** SUPPLIED INFORMATION **
==================================================

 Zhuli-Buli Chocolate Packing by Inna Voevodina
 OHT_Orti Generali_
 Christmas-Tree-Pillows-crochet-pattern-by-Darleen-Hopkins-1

==================================================

The response should consist only of the lines running from the one that contains "OHT_Orti Generali_" through the end of the material, repeated exactly.

 OHT_Orti Generali_
 Christmas-Tree-Pillows-crochet-pattern-by-Darleen-Hopkins-1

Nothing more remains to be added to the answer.